PROWAREtech
C++: Array versus Binary Tree
An interesting comparison can be made between an array and a binary search tree. Both are very fast.
The array uses less memory and takes less time to add data to when it is not sorted. Arrays add data at a constant time rate or O(1) in Big O notation or at a linear rate, O(n), when sorted. Sorting a wholey unsorted array is done in O(n•log(n)) time using the quicksort algorithm. Sorting using this algorithm along with the time to add the data unsorted makes the array faster to add data to. Searching an array is done with a binary search.
The link-based binary search tree must allocate memory for its nodes slowing it down, but searches a lot faster (on a percentage basis) than the array. The search speed should be identical, O(log(n)) (best case), however it just does not work out this way. Adding a single item to a large data structure is faster with a binary tree, O(log(n)) assuming it is well balanced.

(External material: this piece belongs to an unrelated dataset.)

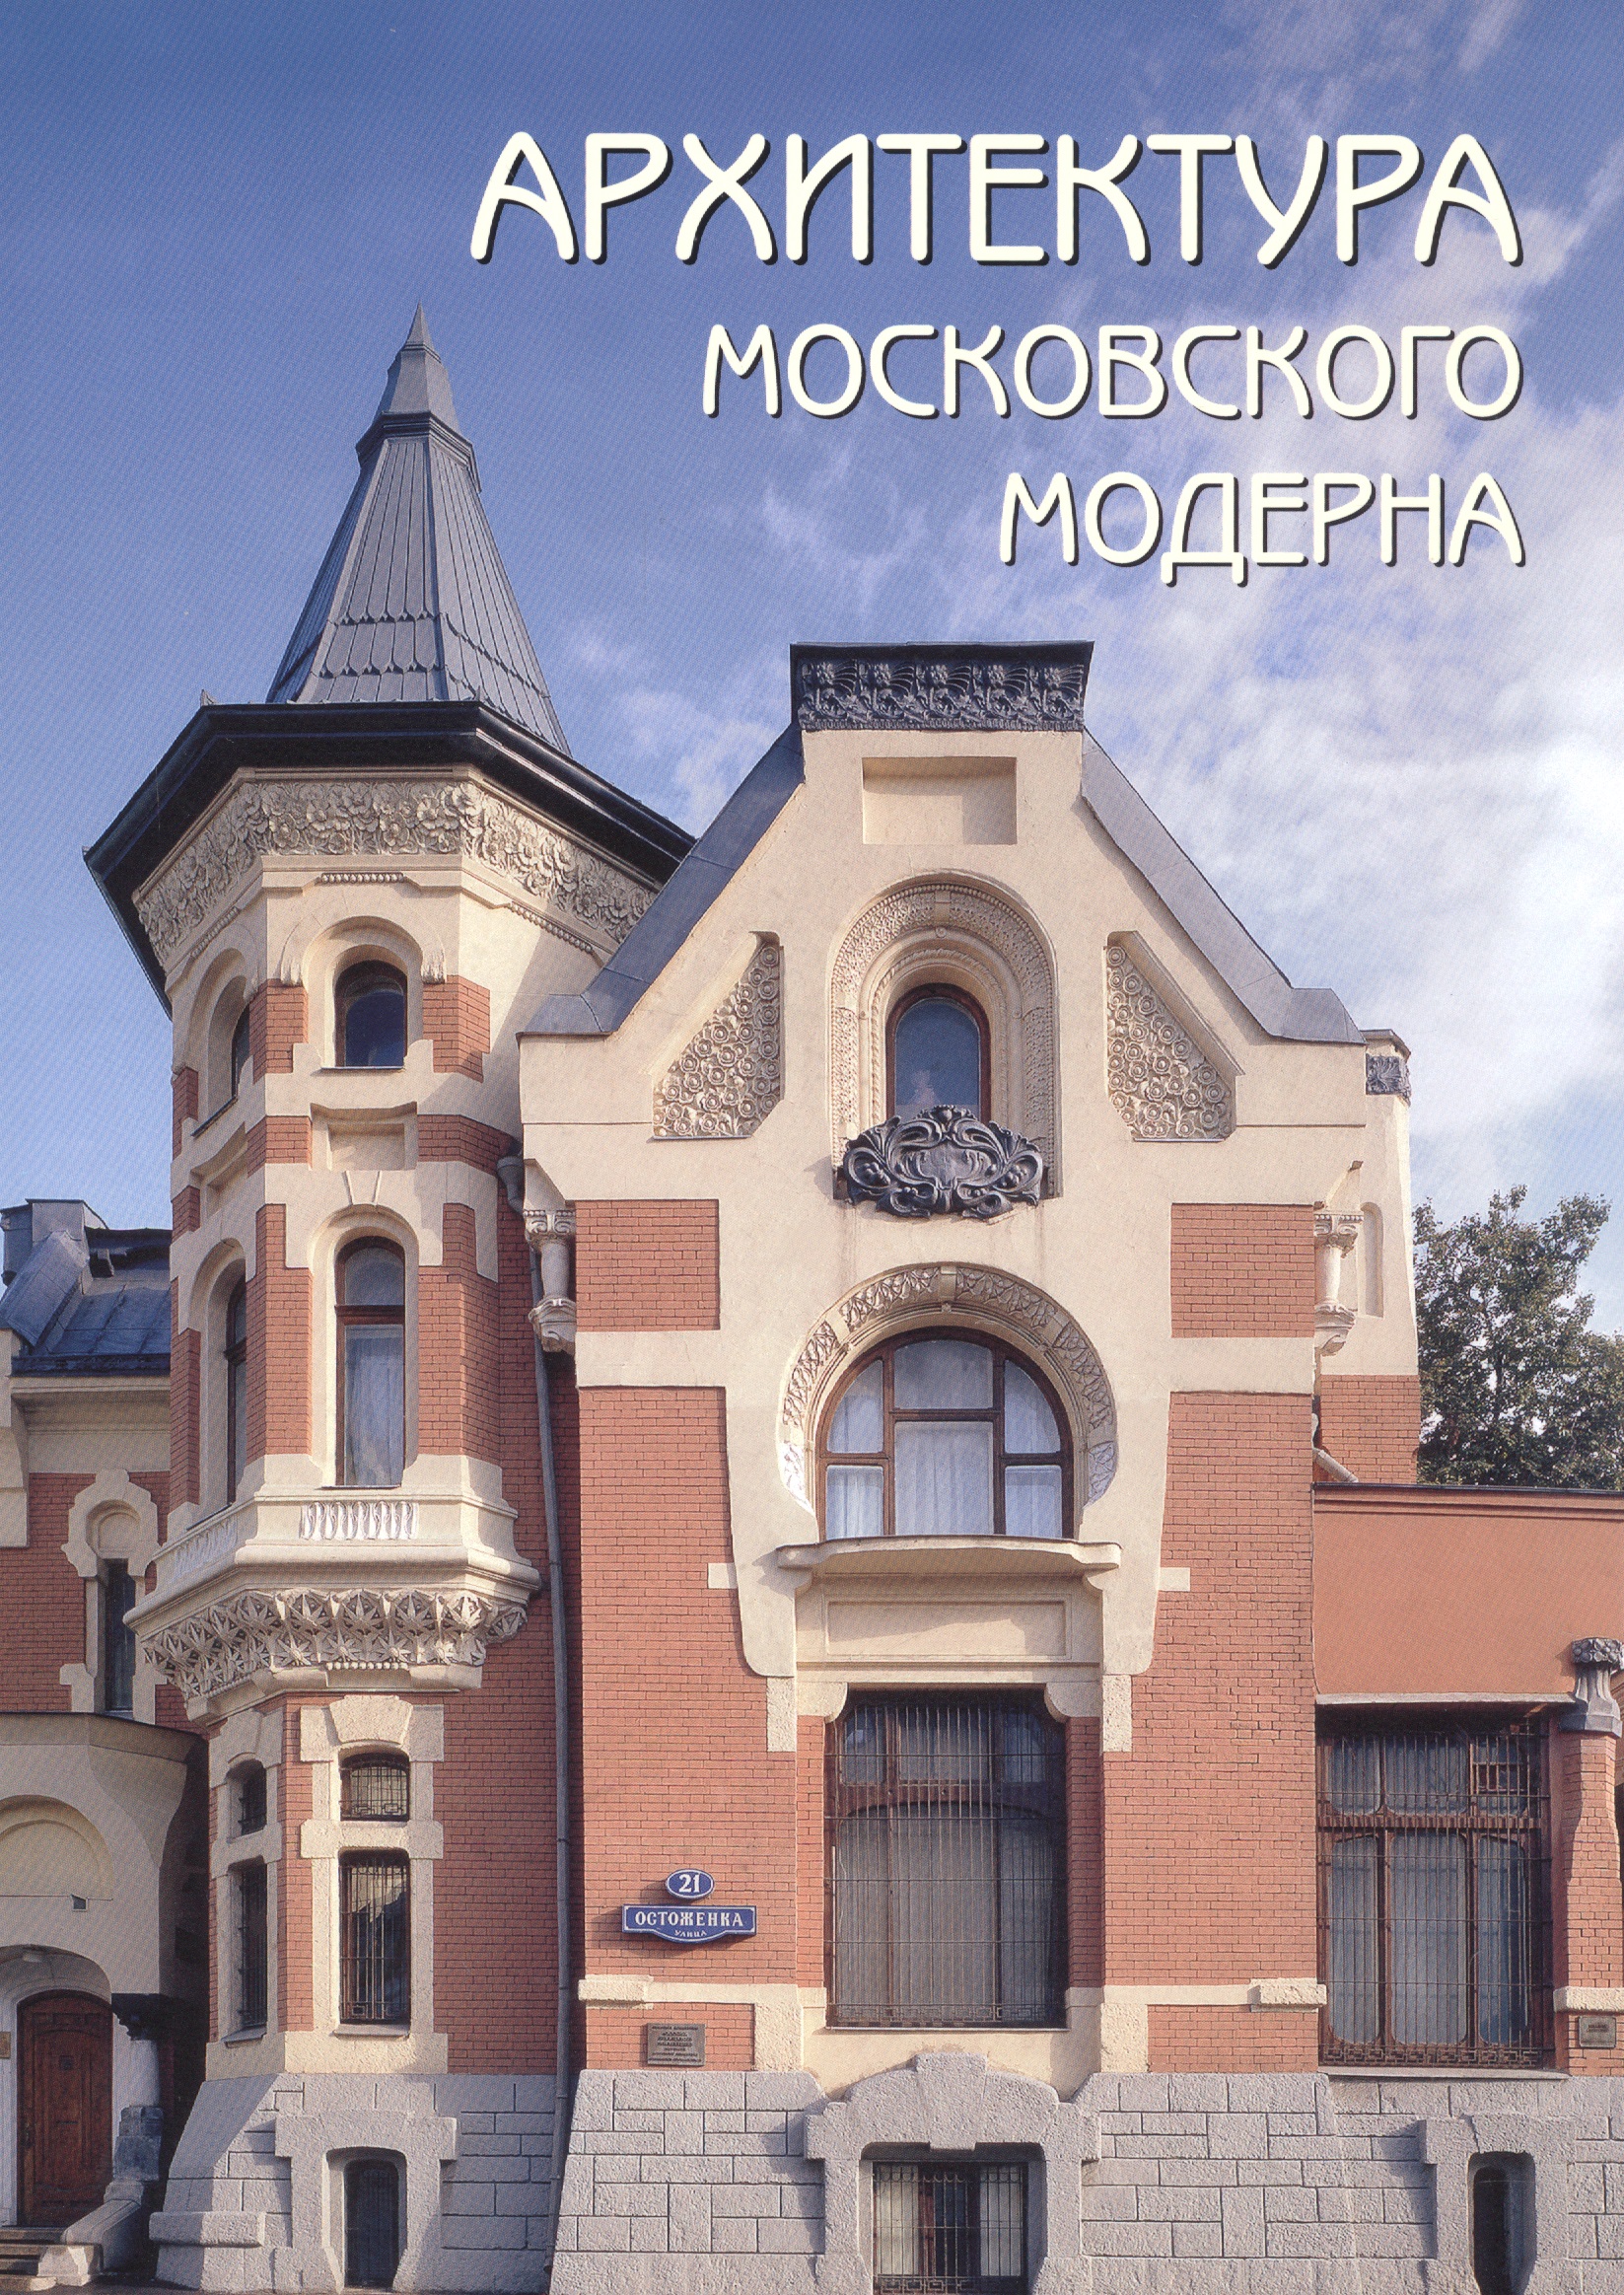 кирилов б архитектура петербургского модерна общественные здания книга первая Архитектура московского модерна

The array-based binary search tree is about 25% faster than the link-based one due to it not having the need to allocate memory on a per node basis. The entire array is allocated all at once. The array does not grow and this is its achilles heel.
Again, the search results should be the same, however, the binary search tree is faster for both the link-based and array-based binary search tree.
It is important to note that this is a well balanced binary search tree, sorting random data. This makes it faster but at best it should only be as fast as a binary search. There is code on this page to balance a binary search tree to increase its performance even more. A perfectly balanced tree should be just as fast as a binary search on a sorted array.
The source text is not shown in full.